**Data for review:**
== Segment start ==
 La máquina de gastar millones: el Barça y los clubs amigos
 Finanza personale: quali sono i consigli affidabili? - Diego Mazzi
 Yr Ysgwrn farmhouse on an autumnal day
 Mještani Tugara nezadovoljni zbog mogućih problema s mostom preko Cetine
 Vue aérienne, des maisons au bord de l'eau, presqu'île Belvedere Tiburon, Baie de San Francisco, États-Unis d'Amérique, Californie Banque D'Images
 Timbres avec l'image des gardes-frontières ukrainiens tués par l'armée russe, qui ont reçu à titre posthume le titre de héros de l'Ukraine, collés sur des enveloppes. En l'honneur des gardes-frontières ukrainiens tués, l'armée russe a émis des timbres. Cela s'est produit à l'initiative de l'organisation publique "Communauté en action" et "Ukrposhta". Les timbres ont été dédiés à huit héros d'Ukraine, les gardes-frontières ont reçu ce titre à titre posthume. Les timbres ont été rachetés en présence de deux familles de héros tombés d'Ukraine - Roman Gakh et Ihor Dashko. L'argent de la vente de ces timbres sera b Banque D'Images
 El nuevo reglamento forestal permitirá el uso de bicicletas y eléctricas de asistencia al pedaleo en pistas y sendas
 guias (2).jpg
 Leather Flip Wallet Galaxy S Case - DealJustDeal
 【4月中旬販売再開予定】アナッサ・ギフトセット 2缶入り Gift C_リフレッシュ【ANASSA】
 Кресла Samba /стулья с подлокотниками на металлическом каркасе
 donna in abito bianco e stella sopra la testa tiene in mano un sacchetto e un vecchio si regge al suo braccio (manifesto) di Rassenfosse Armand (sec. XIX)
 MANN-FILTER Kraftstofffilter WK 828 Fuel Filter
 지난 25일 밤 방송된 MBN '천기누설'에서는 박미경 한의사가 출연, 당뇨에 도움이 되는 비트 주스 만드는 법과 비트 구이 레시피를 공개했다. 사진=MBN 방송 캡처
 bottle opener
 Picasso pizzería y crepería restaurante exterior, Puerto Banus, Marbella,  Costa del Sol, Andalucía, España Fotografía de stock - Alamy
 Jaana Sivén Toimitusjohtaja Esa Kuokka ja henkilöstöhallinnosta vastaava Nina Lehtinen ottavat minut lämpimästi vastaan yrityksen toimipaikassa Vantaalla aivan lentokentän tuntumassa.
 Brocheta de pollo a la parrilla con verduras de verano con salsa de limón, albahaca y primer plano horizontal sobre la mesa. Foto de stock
== Segment end ==
**Exercise directions:** Each line from the one holding "bottle opener" to the end of the data above goes into the answer exactly as written, and no other line does.

**Task result:**
 bottle opener
 Picasso pizzería y crepería restaurante exterior, Puerto Banus, Marbella,  Costa del Sol, Andalucía, España Fotografía de stock - Alamy
 Jaana Sivén Toimitusjohtaja Esa Kuokka ja henkilöstöhallinnosta vastaava Nina Lehtinen ottavat minut lämpimästi vastaan yrityksen toimipaikassa Vantaalla aivan lentokentän tuntumassa.
 Brocheta de pollo a la parrilla con verduras de verano con salsa de limón, albahaca y primer plano horizontal sobre la mesa. Foto de stock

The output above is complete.